Notes and Constraints

This section applies only to MRS 3.2.0-LTS.

Prerequisites

  • The ClickHouse client has been installed in a directory, for example, /opt/client.
  • A user, for example, clickhouseuser, who has permissions on ClickHouse tables and has the permission to access HDFS has been created on FusionInsight Manager.
  • A corresponding directory exists in HDFS. The HDFS engine of ClickHouse only works with files but does not create or delete directories.
  • Only the ClickHouse cluster deployed on x86 nodes can connect to HDFS. The ClickHouse cluster deployed on Arm nodes cannot connect to HDFS.

Procedure

  1. Log in to the node where the client is installed as the client installation user.
  2. Run the following command to go to the client installation directory:

    cd /opt/client

  3. Run the following command to configure environment variables:

    source bigdata_env

  4. Run the following command to authenticate the current user. (Change the password upon the first authentication. Skip this step for a cluster with Kerberos authentication disabled.)

    kinit clickhouseuser

  5. Run the client command of ClickHouse to log in to the ClickHouse client.

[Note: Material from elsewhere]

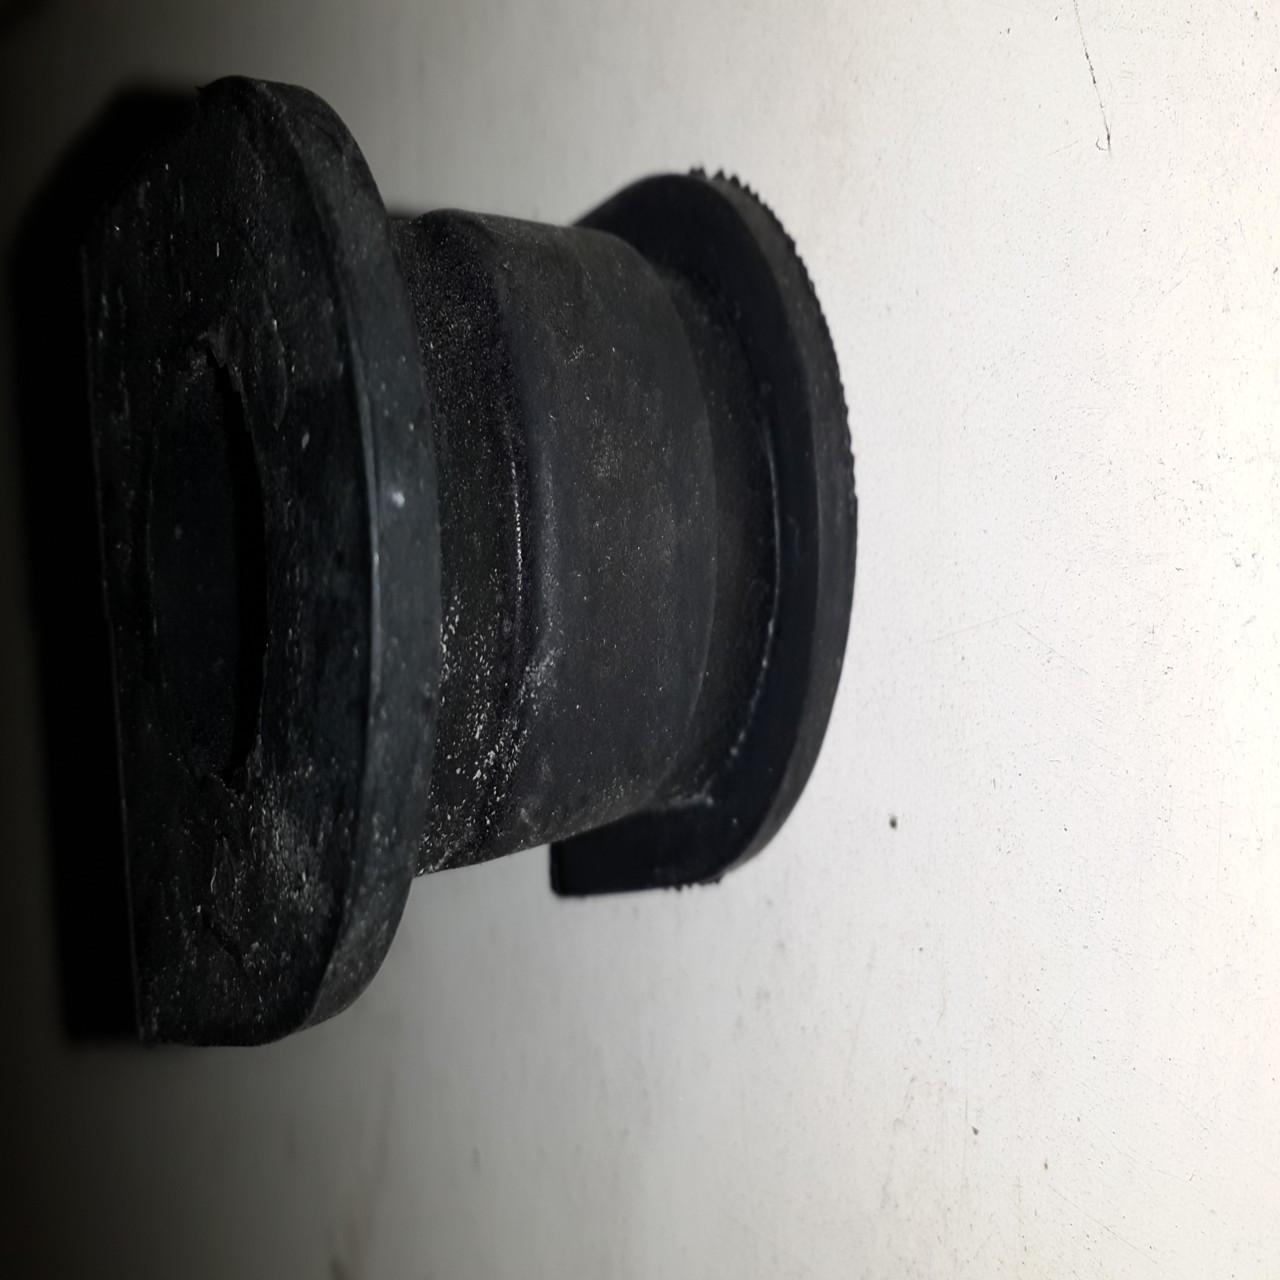 Втулка стабилизатора передняя Матиз / Matiz, 96322618

    clickhouse client --host Service IP address of the ClickHouseServer instance --secure --port 9440

    To obtain the service IP address of the ClickHouseServer instance, perform the following operations:

    On FusionInsight Manager, choose Cluster > Services > ClickHouse. On the displayed page, click the Instances tab and obtain the service IP addresses of the ClickHouseServer instances.

  6. Run the following command to connect ClickHouse to HDFS:

    CREATE TABLE default.hdfs_engine_table (`name` String, `value` UInt32) ENGINE = HDFS('hdfs://{namenode_ip}:{dfs.namenode.rpc.port}/tmp/secure_ck.txt', 'TSV')
    Table 1 Parameter description

    Parameter

    Description

    namenode_ip

    IP address of the NameNode instance node

    On FusionInsight Manager, choose Cluster > Services > HDFS. On the displayed page, click the Instances tab, and obtain the service IP address of the active NameNode.

    dfs.namenode.rpc.port

    RPC port used by the NameNode to process all client requests.

    On FusionInsight Manager, choose Cluster > Services > HDFS. On the displayed page, click Configurations and then All Configurations, and search for dfs.namenode.rpc.port to obtain its value.

    hdfs://{namenode_ip}:{dfs.namenode.rpc.port}/tmp/

    HDFS file path to be accessed

    If multiple files need to be accessed, add an asterisk (*) to the end of the folder, for example, hdfs://{namenode_ip}:{dfs.namenode.rpc.port}/tmp/*.